Long time lurker of the forums but finally a member! I've been using these board for years for info and advice and thought I'd finally give something back. I know there's always a lot of debate online about the mechanical adjustable dumbbells. I picked up a pair of the bodymax ones 2 years ago and they turned out to be one of the best pieces of equipment I've ever owned.

I wanted to share with you all my in-depth video review. I'm sure there's people out there thinking about buying a pair or still trying to make up there mind. What made me go for the Bodymax in the end was the metal plates.

So what do you guys think about adjustable dumbbells? Anyone else got a pair of these?


----------



## John. (Jun 24, 2013)

Would love a set, but they are just so freaking expensive. Could easily pay £4-500 for a set with decent weight.

Which seems steep bearing in mind I paid only a bit more than that for an entire power cage, bench, weights, bars,, the lot setup.


----------



## Vinny (Nov 18, 2012)

John. said:


> Would love a set, but they are just so freaking expensive.
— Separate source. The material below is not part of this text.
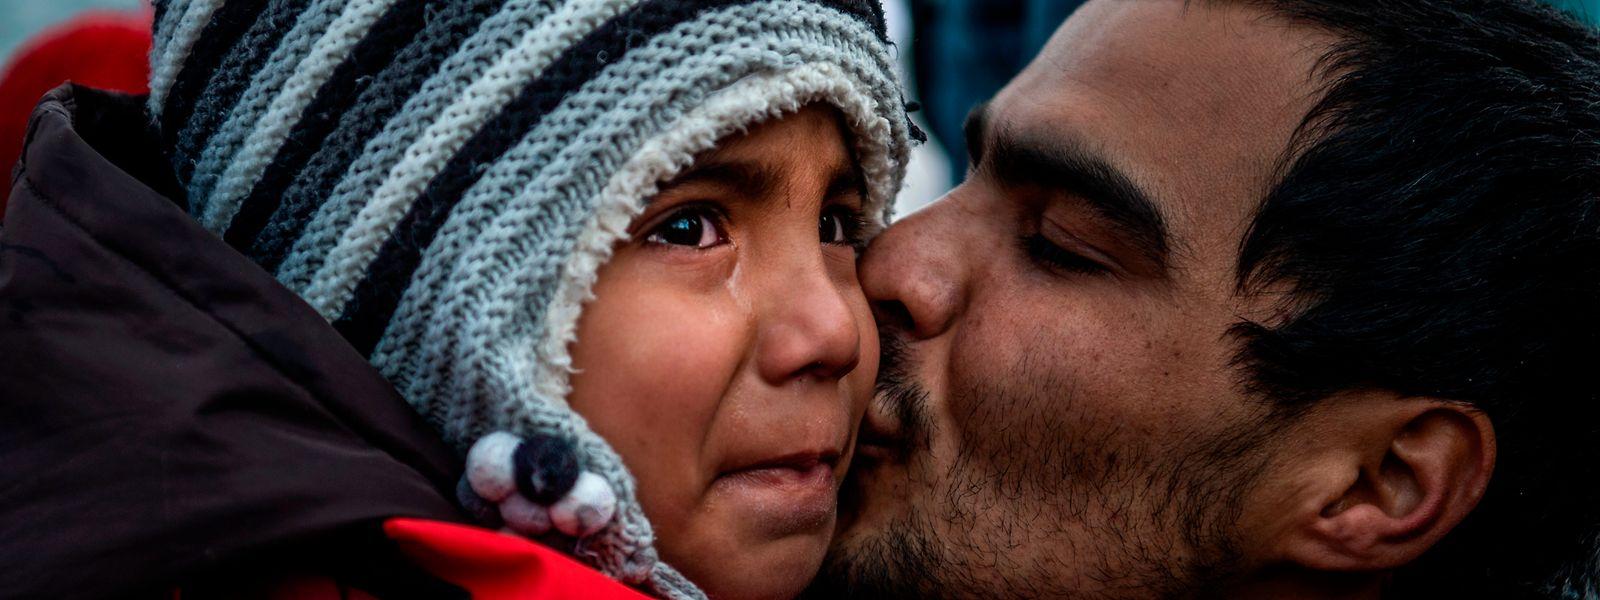 Ein Kind weint, als es in dem Dorf Skala Sikaminias auf der griechischen Insel Lesbos ankommt, nachdem es mit anderen Migranten aus der Türkei die Ägäis überquert hat.

Could easily pay £4-500 for a set with decent weight.
> 
> Which seems steep bearing in mind I paid only a bit more than that for an entire power cage, bench, weights, bars,, the lot setup.


 I'm the same mate, got a proper set up with power rack, bench, barbell and weights etc and these would top it off nicely, Ive been keeping my eyes on ebay for them haha.


----------



## John. (Jun 24, 2013)

Only 32kg, but good price: http://www.ebay.co.uk/itm/Adjustable-Bodymax-York-Selectabell-Dumbbells-5-to-32kg-/291836530443?hash=item43f2d00f0b:g:7MgAAOSwExJXolFy


----------



## Vinny (Nov 18, 2012)

Yeah theyre the ones I was looking at, but haven't got the money at the moment, in the middle of purchasing a Bodymax CF820 lol.


----------